- WORK INSTRUCTIONS -
Below are some records. Return exactly the lines from the one containing "PBS纪录片/波音787制造揭秘《波音787 梦幻客机 The" through the one containing "Adulto de Cooper's", both included, and only those.

- AVAILABLE DATA -
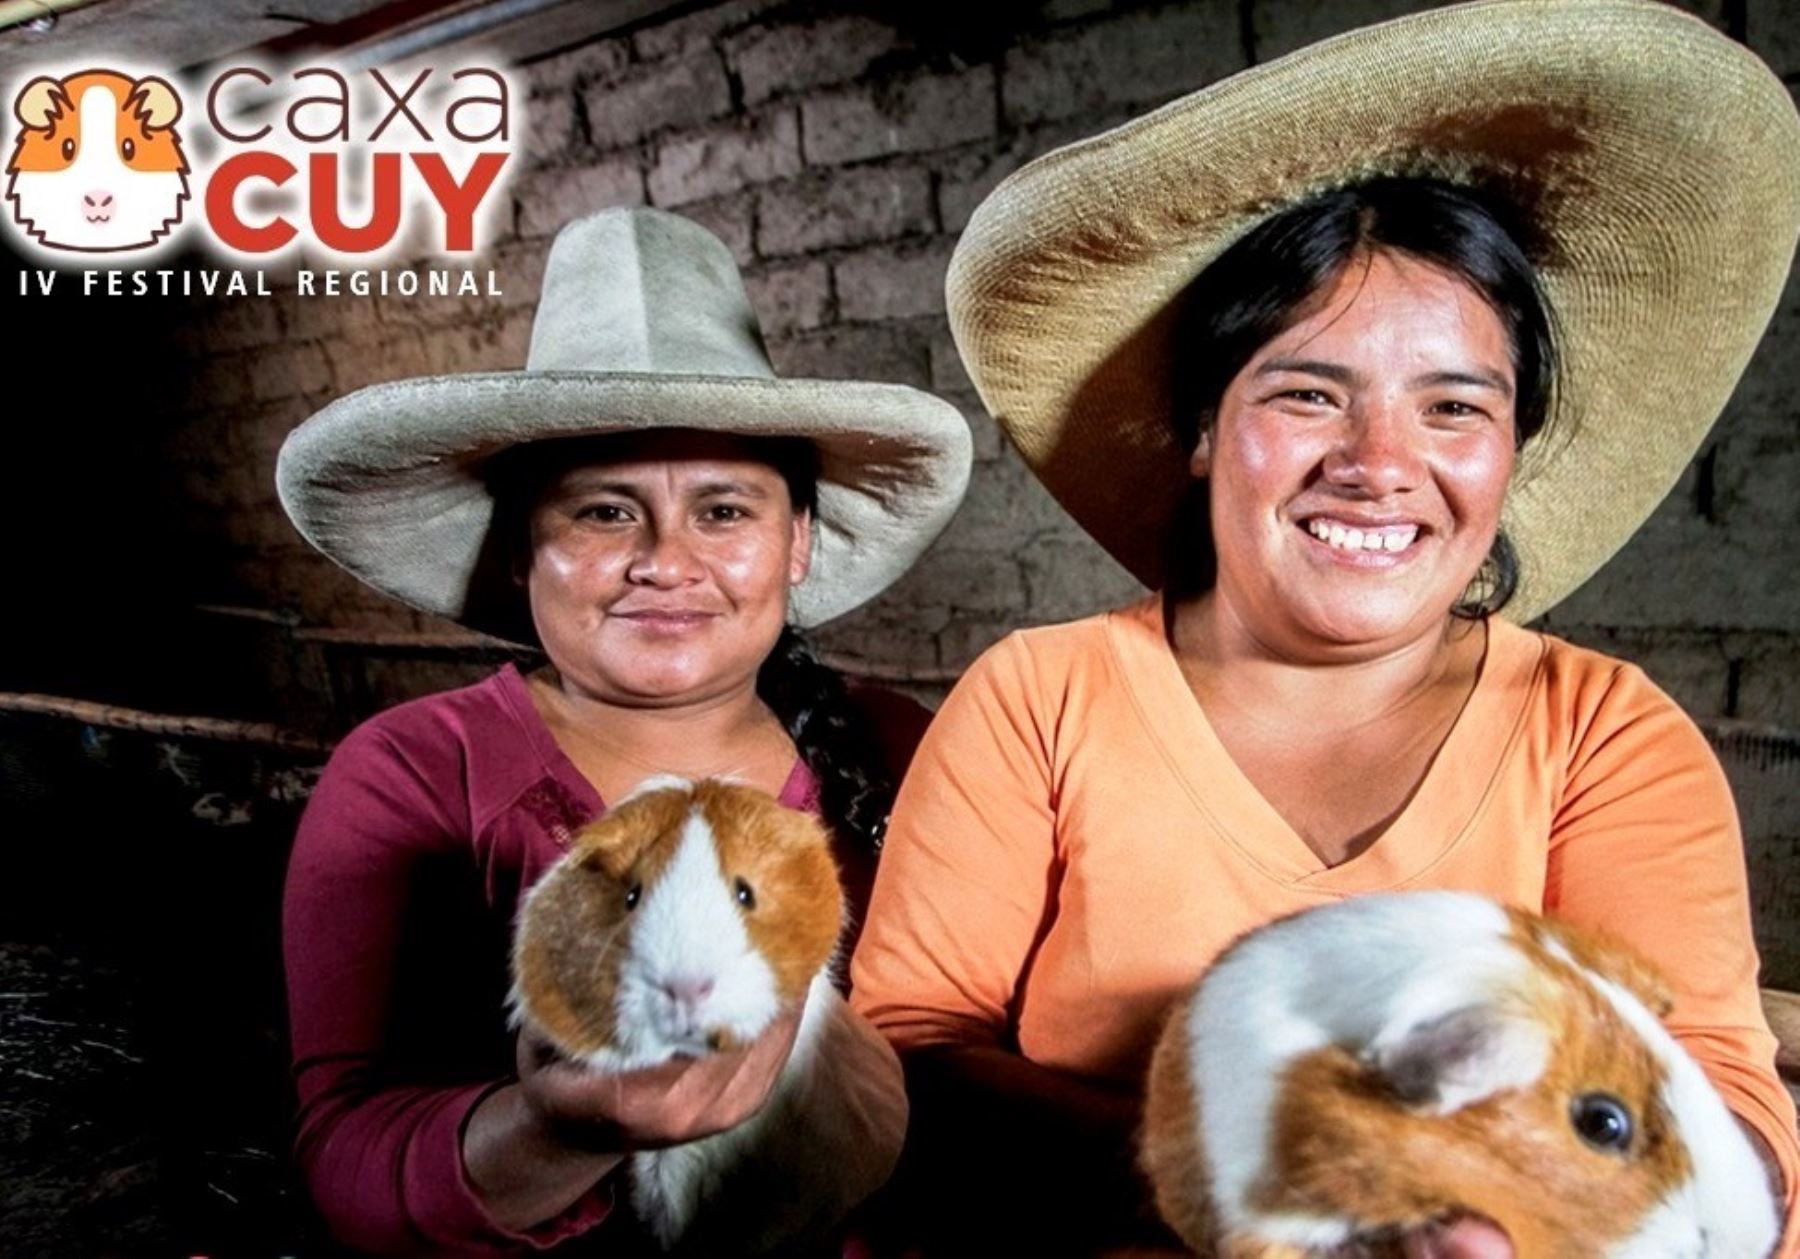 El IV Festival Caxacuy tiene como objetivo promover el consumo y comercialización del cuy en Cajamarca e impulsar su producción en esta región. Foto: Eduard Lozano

---

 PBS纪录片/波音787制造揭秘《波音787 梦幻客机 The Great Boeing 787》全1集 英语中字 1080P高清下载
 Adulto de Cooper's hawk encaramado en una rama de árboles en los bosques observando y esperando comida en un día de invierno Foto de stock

==

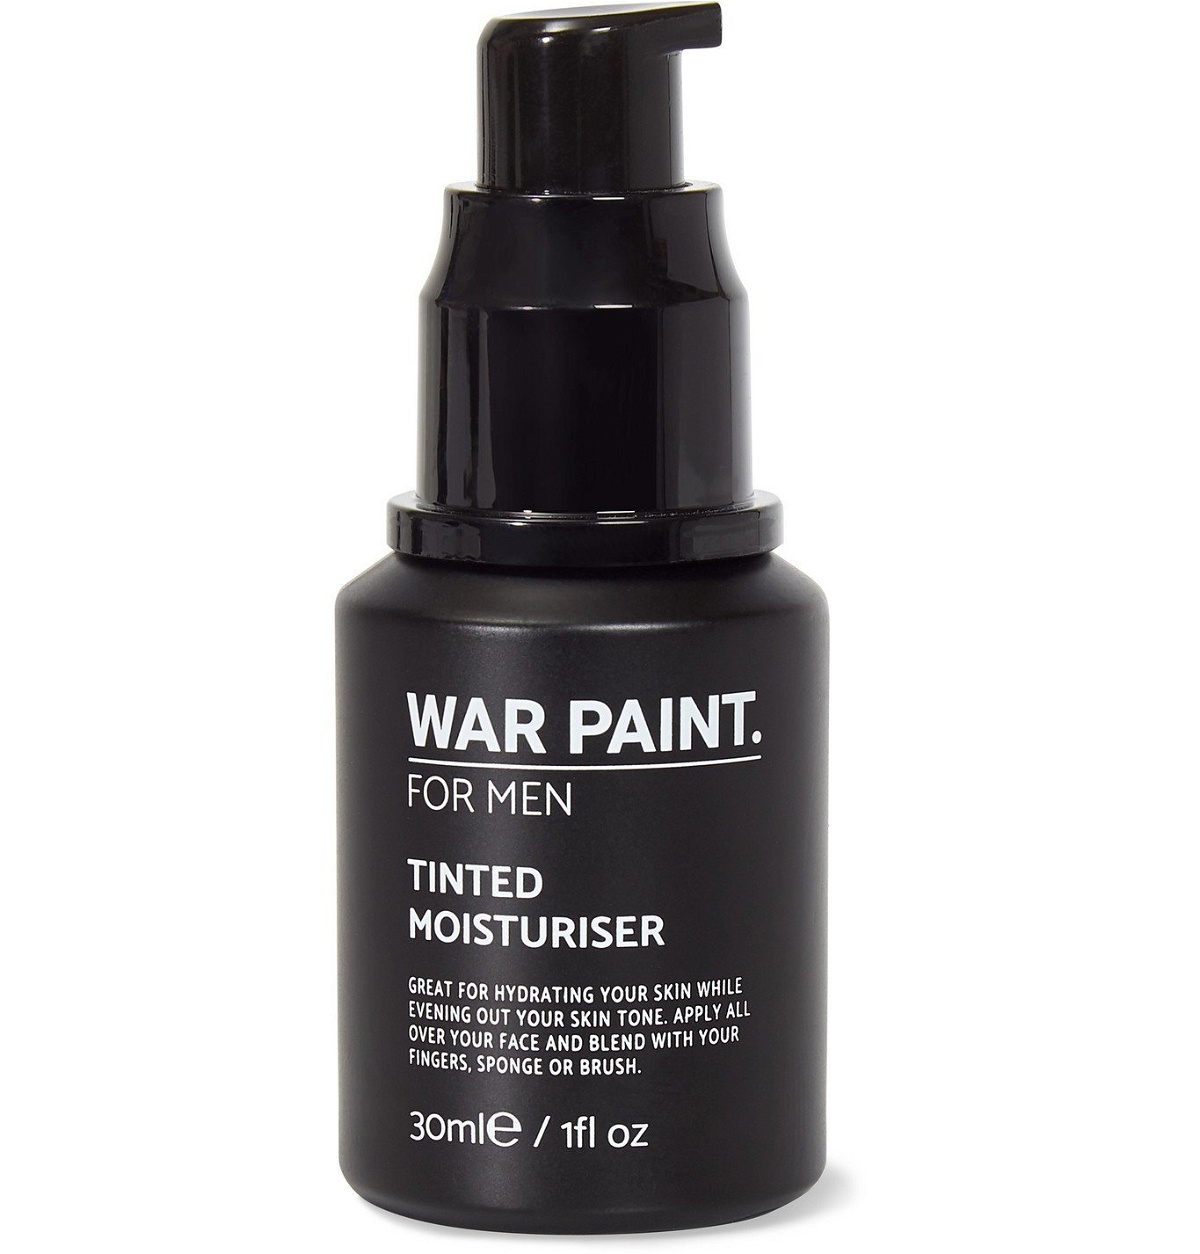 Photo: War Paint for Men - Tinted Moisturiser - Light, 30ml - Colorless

- RESULT FOR THIS EXERCISE -
 PBS纪录片/波音787制造揭秘《波音787 梦幻客机 The Great Boeing 787》全1集 英语中字 1080P高清下载
 Adulto de Cooper's hawk encaramado en una rama de árboles en los bosques observando y esperando comida en un día de invierno Foto de stock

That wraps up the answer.